# QCTP Tool holder



## ShawnR (Feb 8, 2021)

1" square stock to start..... Tool holders to finish. This project lead to questions in another thread about depth of cut with milling cutters of different types in small mills. This project was started a few days ago, but deferred because of questions, problems, and other projects like the bench lamp part.

Back to this project..... After reading other threads, I have decided that it is probably better to remove as much stock as possible via means other than the small mill I have access to so will bandsaw out the bulk that I can, and then get to the actual more precise cuts. Every day, learning something new.

Pic got twisted I think. Middle one is the rusty old but painted stock to start. Will grind that crud off. First attempt on the right (ongoing) and factory original at left. Just a China cheapy tool  that I have had for years and not used because it needed some adaption for my lathe but after revisiting it, I have decided it will be good, if I had more holders. So, here we go. 
I have some dovetail cutters but not used them. I probably bought them for this project years ago. I think questions might follow when I get to that point. I am assuming to get everything cut close with straight cutters, then start milling with the dovetail cutters....?


----------



## Dabbler (Feb 8, 2021)

great start!  I'd love to follow your progress!


----------



## Hruul (Feb 9, 2021)

Following.


----------



## ShawnR (Feb 9, 2021)

Oh Oh...followers..!!  That puts the pressure on to me finish it ....and with documentation and photos! ...

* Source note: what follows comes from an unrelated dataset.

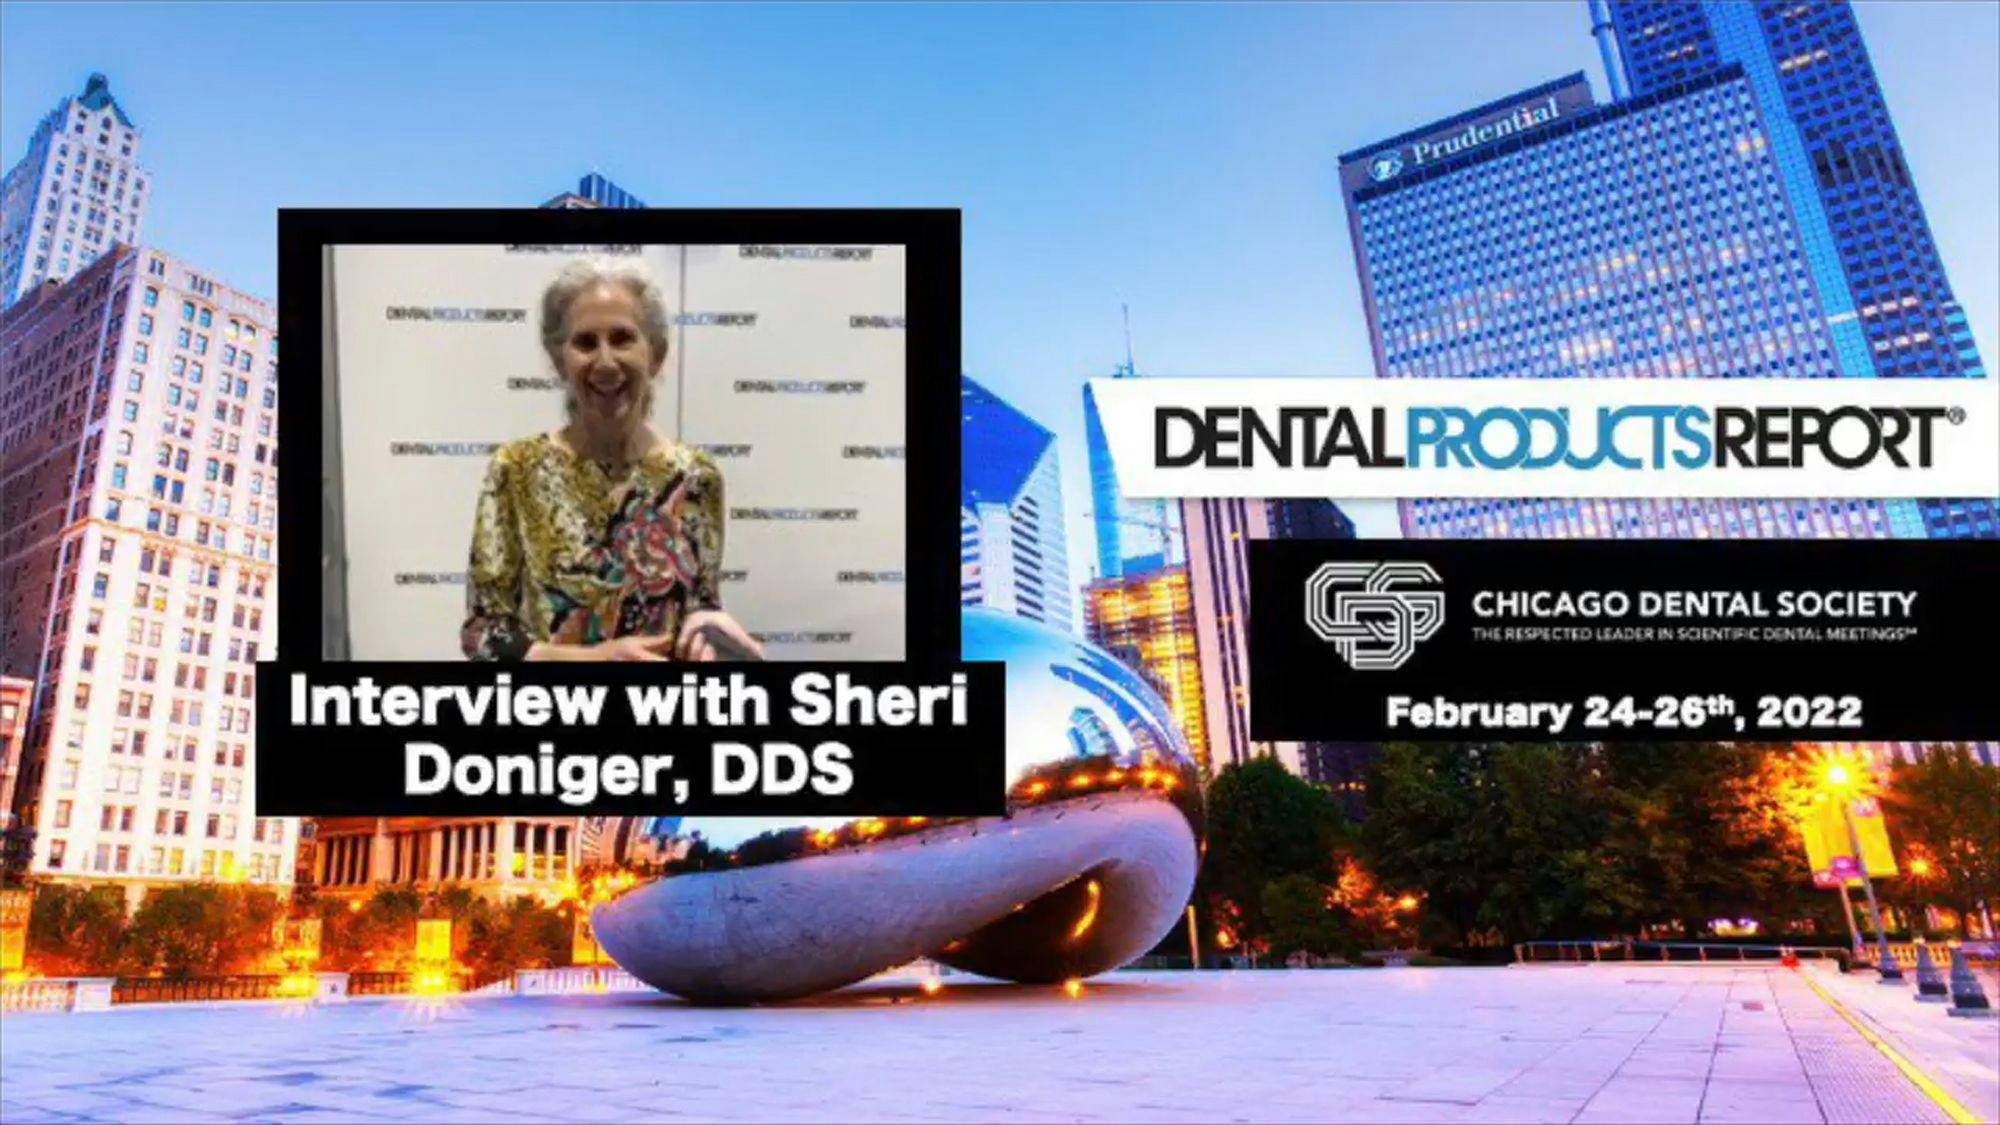 2022 Chicago Dental Society Midwinter Meeting, Interview with Sheri Doniger, DDS

Disclaimer, I am a relative beginner too so one, don't necessarily do what I do, and two, if you have suggestions for me, by all means, let me know. I won't be hurt.... After starting milling the first one last week, I decided that it is more milling that I want to do. In fairness, part of my problem last week might have been dull tools and inexperience. Amazon was kind enough to get some new cutters to me, and after trying them on brass, I think they might make a big difference for this project!

The progress today....

The first part of the day was experimenting with the fly cutter and tool sharpening, looking for the best finish and learning mill speeds.... still looking for the magic combination to square the material. I used a grinder to get rid of the paint and rust before getting to the mill this time.

Then onto the layout, (not overly critical I don't think so I did it quickly, but will cut the dovetail carefully) and then the bandsaw (I used the angle iron and clamp to keep my fingers away from the blade because the part is only 1" square by 2 1/2" long). The makeshift work holder worked great! I did not get too close to the lines to leave a good margin for milling, but I think it will be a good start versus starting the milling with just a square block.

Then I drilled out where the tool bit goes. It is a half inch recess but I used a 7/16 to leave room for error in drilling. I think this material being removed will be a great start. 

Then I just cut out the remaining with bandsaw and a zip disc. For the next one, I will use the zip disc.

Bonus today was finally putting the chip shield together. I don't like my face shield, nor getting spit on with hot metal chips. Been thinking of doing this for a long time and finally did it. I had the plexiglass in stock. It works great! !!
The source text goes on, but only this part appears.